Start of Dataset extract

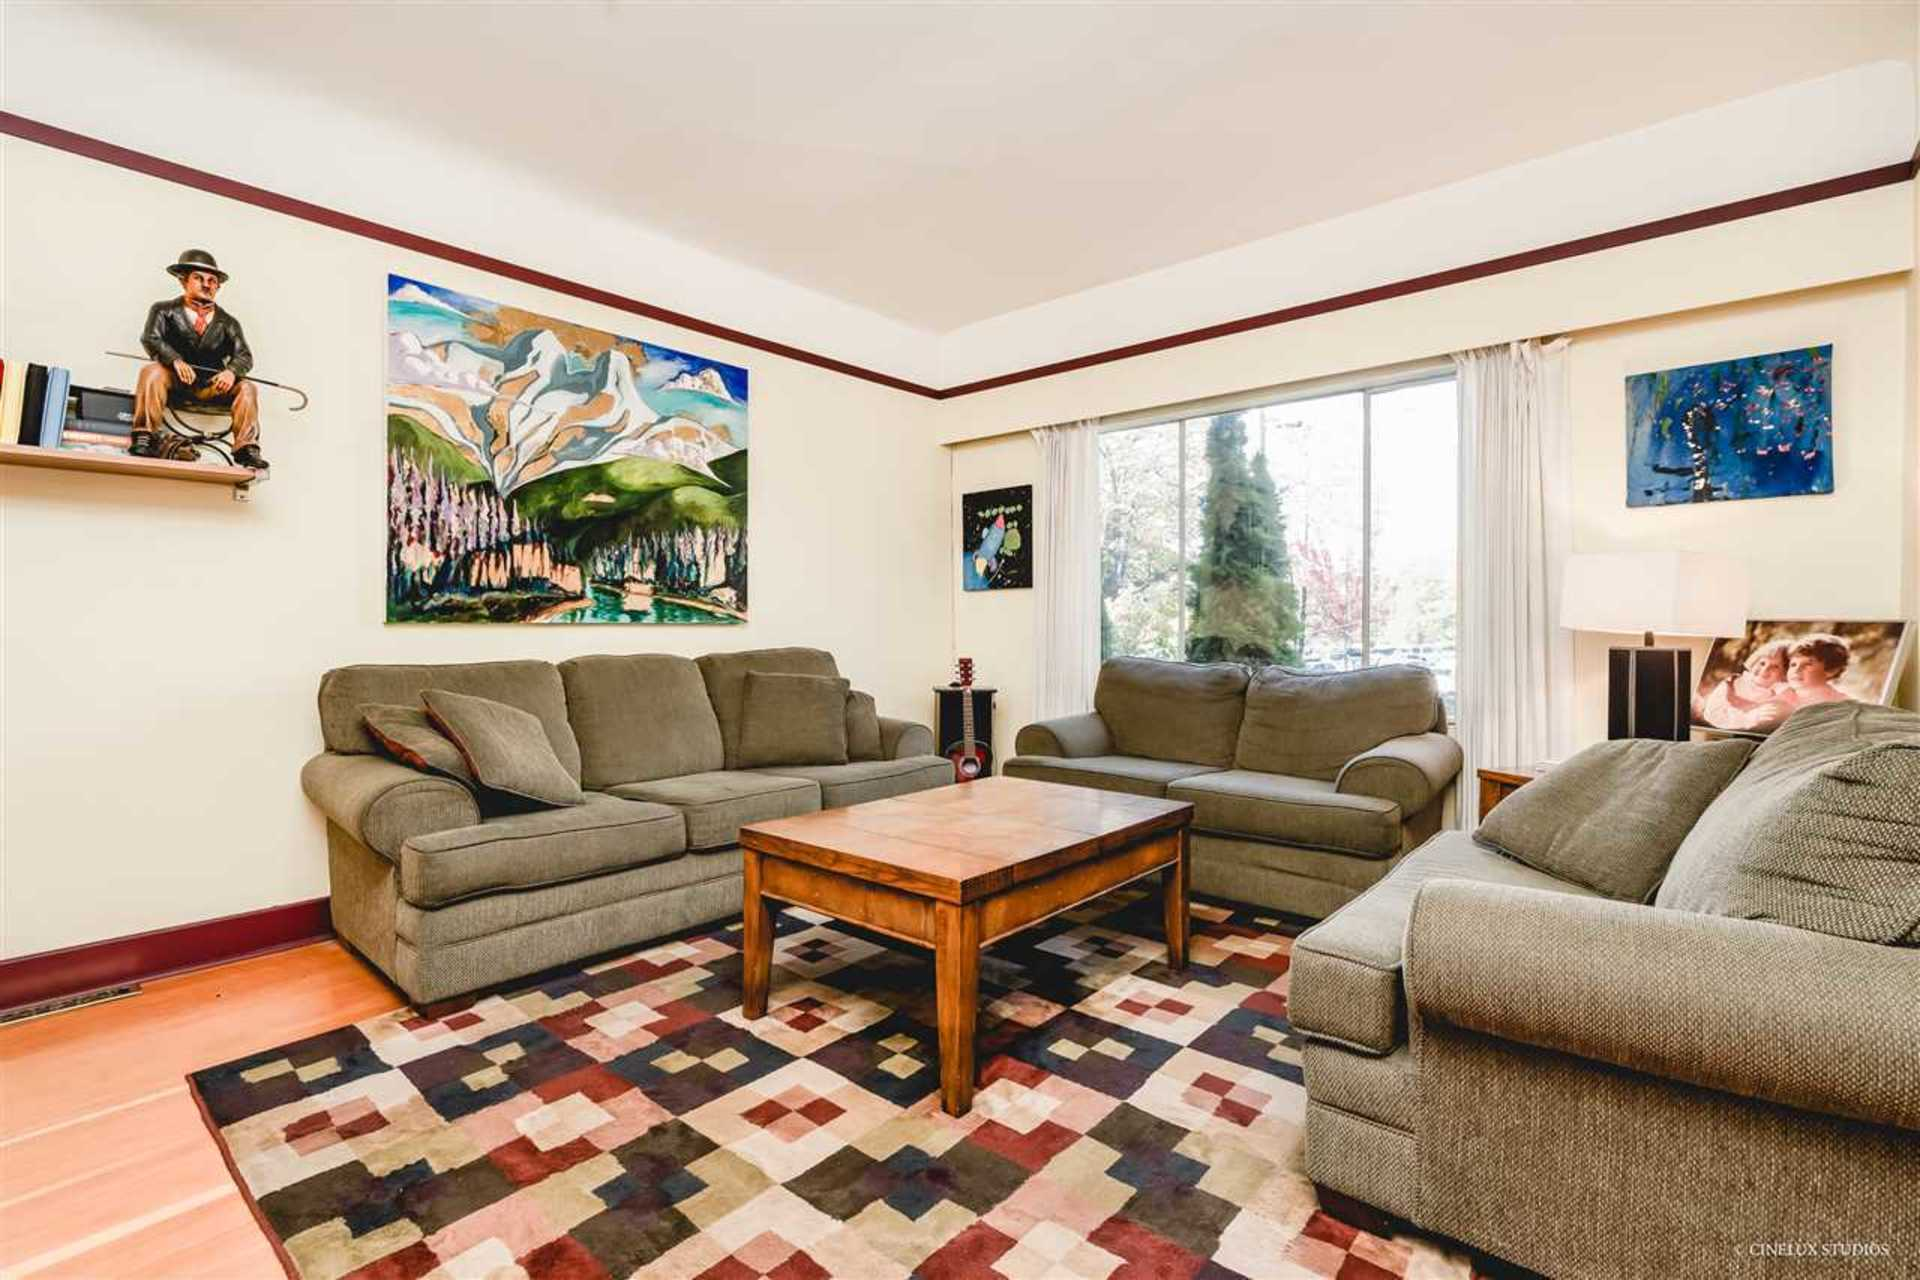 1824-e-10th-avenue-grandview-ve-vancouver-east-03 at 1824 E 10th Avenue, Grandview VE, Vancouver East
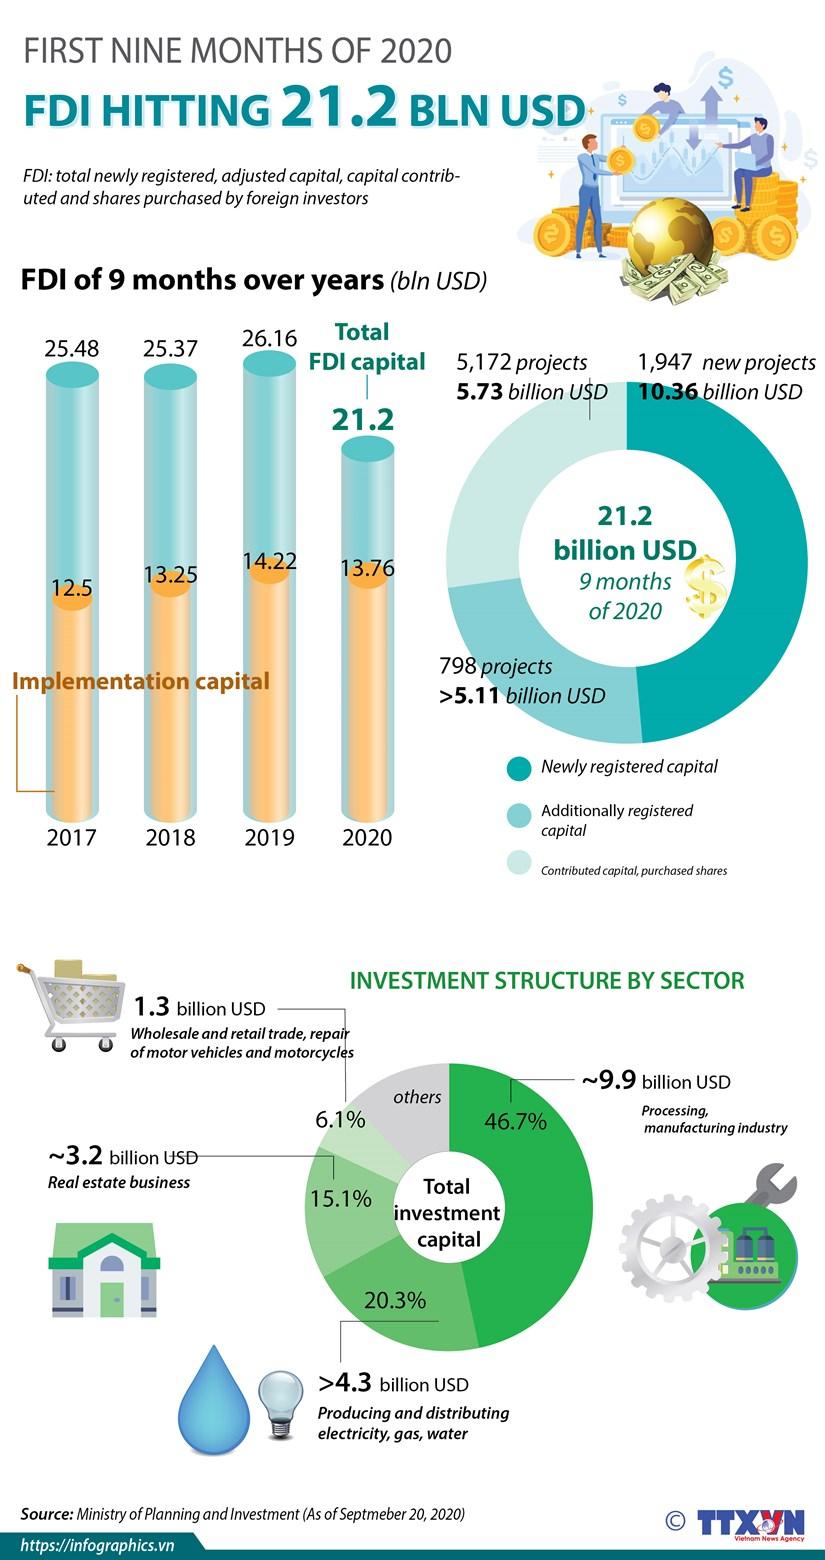 FDI reaching 21.2 billion USD in first nine months hinh anh 1
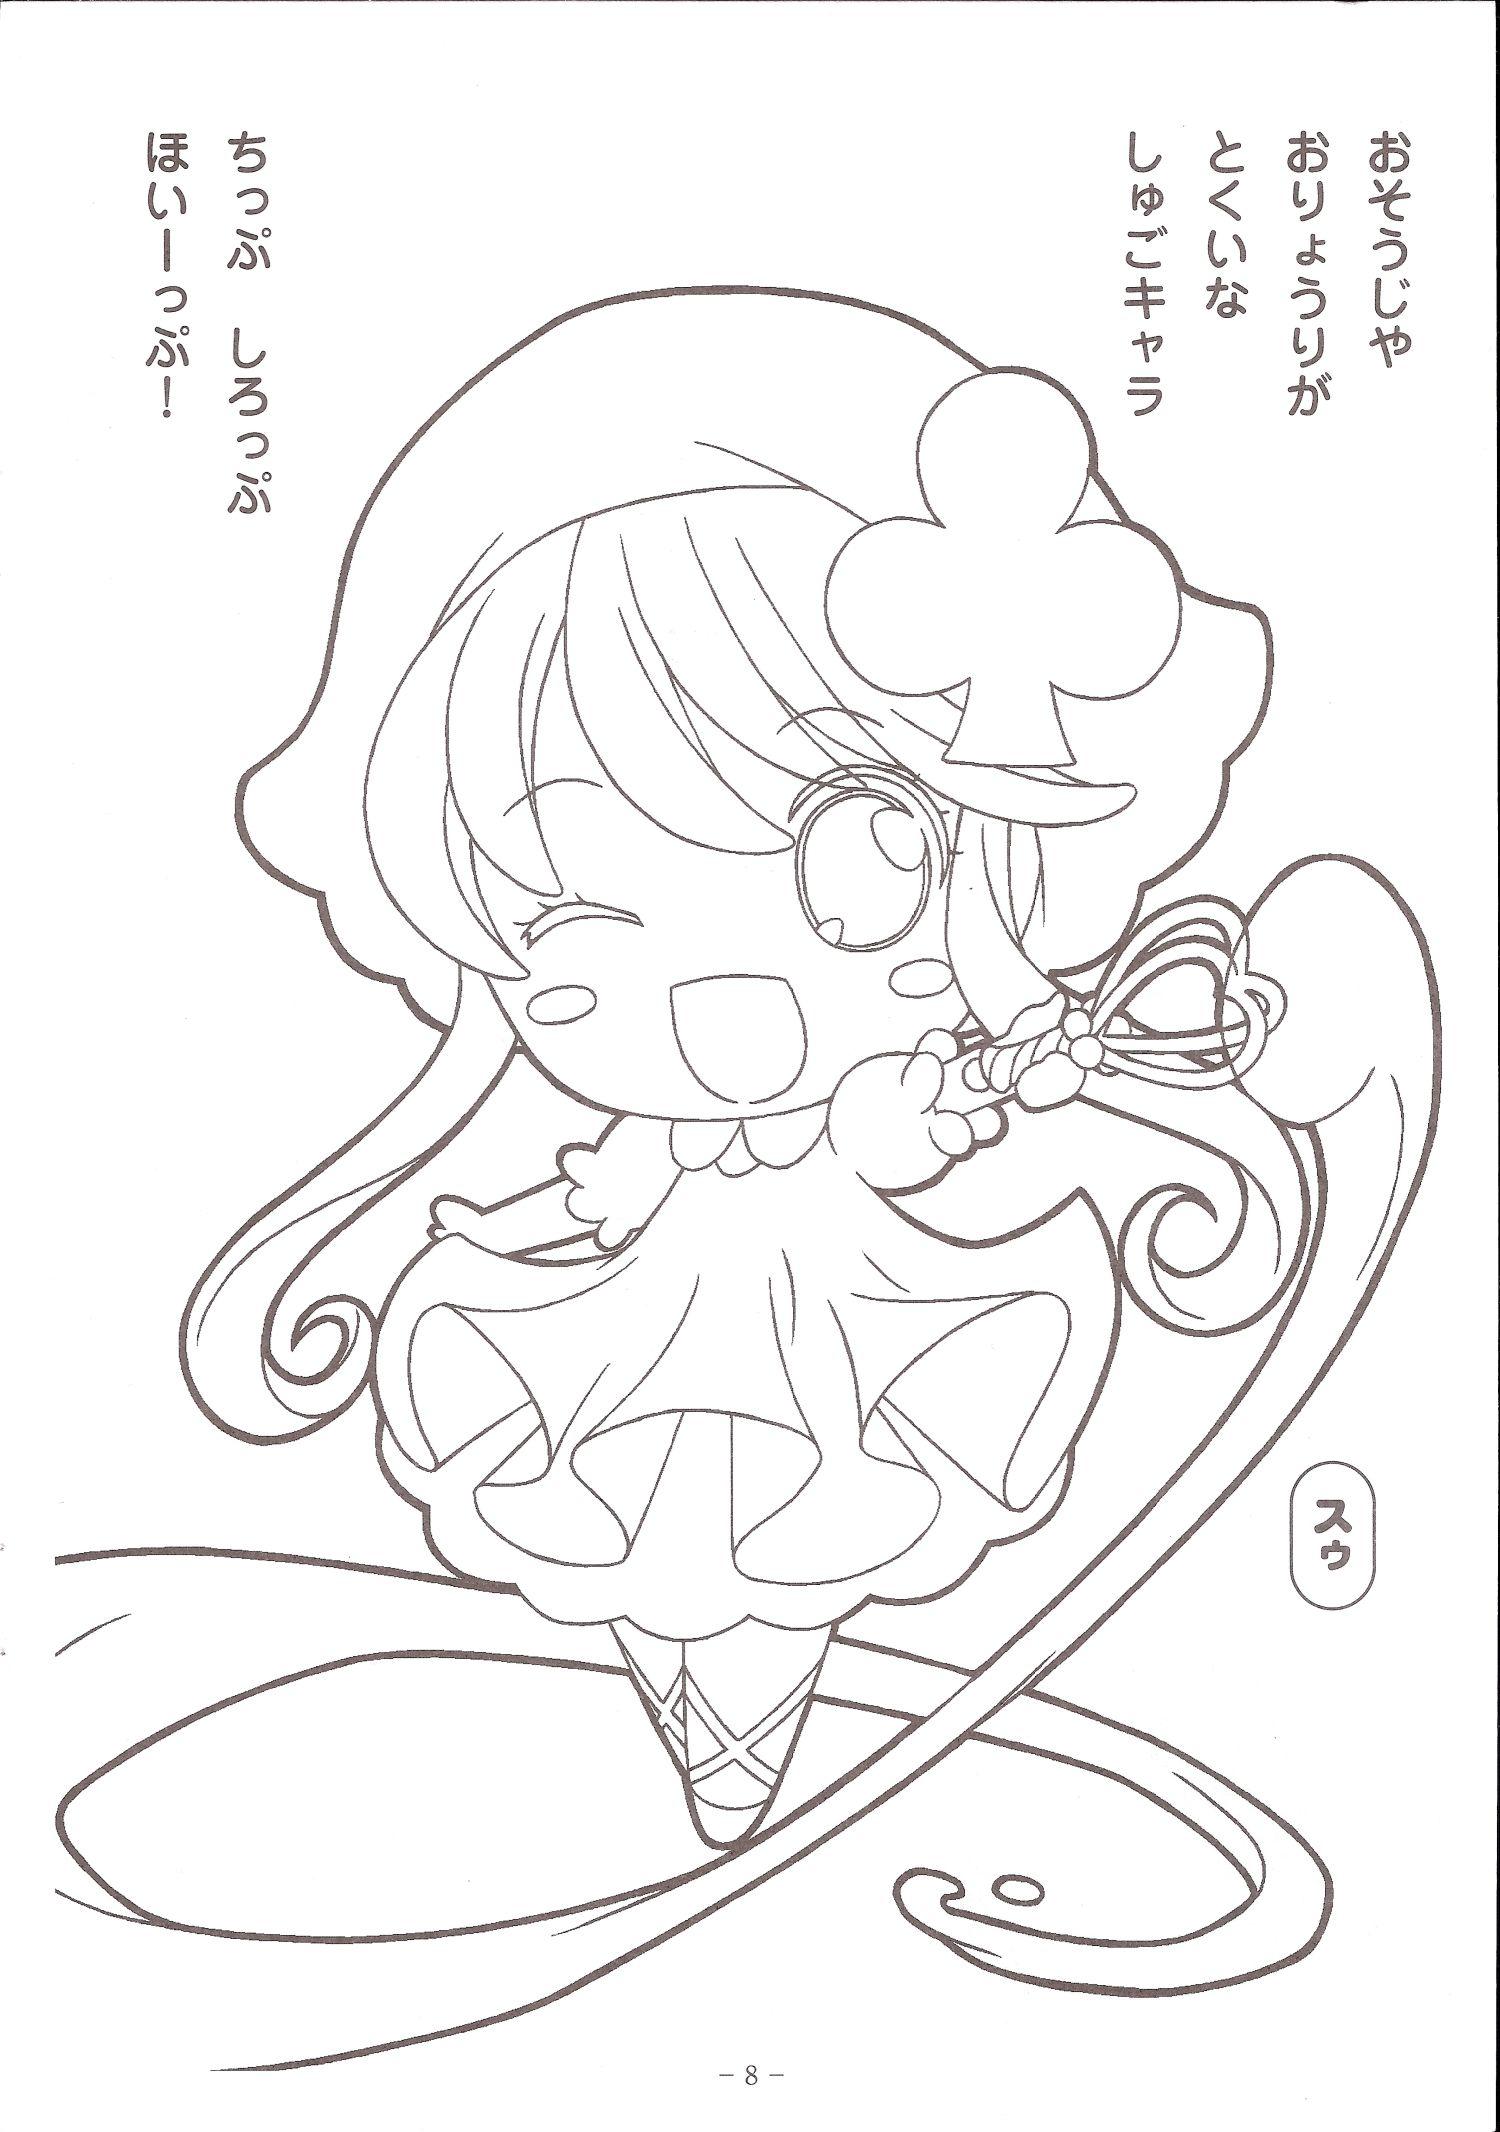 shugo chara coloring pages - photo#13

End of Dataset extract

### Action item
Restate the listing above word for word and skip each picture.

### Answer to the exercise
 1824-e-10th-avenue-grandview-ve-vancouver-east-03 at 1824 E 10th Avenue, Grandview VE, Vancouver East
 FDI reaching 21.2 billion USD in first nine months hinh anh 1
 shugo chara coloring pages - photo#13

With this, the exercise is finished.